Now, you are having a slow day with both brothers in the bunker library. Sam has his face buried in a book and Dean is scrolling on a laptop. You are sitting sideways in a chair, legs hanging over the arm of the chair and your back against the other arm. You’re staring at the ceiling in boredom. “Hey Sam?” you ask.
“Hm?” Sam responds, acknowledging you but still reading his book.

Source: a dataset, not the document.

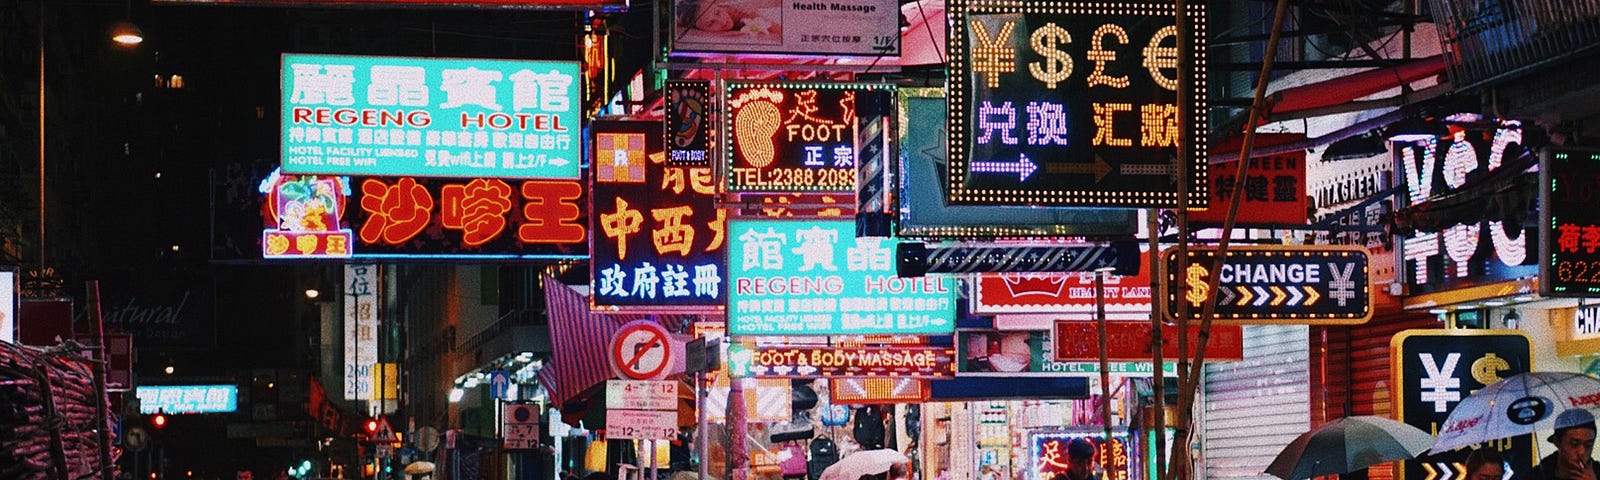 Hong Kong’s well-lit night market

“What is the biggest, most vicious animal you think you could beat in a fight?”
“Um, I don’t know, maybe like a wolf or something,” he answers, brushing off your question.
A few moments of silence pass, Sam absorbed in his book again. “You’re no fun,” you accuse. “Dean, what about you?”
“Depends,” Dean closes the laptop, clasping his hands and setting them on top of it, giving you his full attention. “Can I pick the fighting arena?”
“Uhhh, sure, why not.” You figure it can’t hurt, and you want to see how far Dean will take this.
“A great white.” He states confidently.
You stare at him in disbelief, eyebrows raised. “A shark?”
He nods as if it’s the most obvious answer, “on land. A beached great white. I could throat punch it.”
Sam’s attention now fully on the conversation, he looks up from his book to give Dean the most are-you-kidding-me glare, and you burst into laughter. “The lack of water would kill it before you could! That doesn’t count!”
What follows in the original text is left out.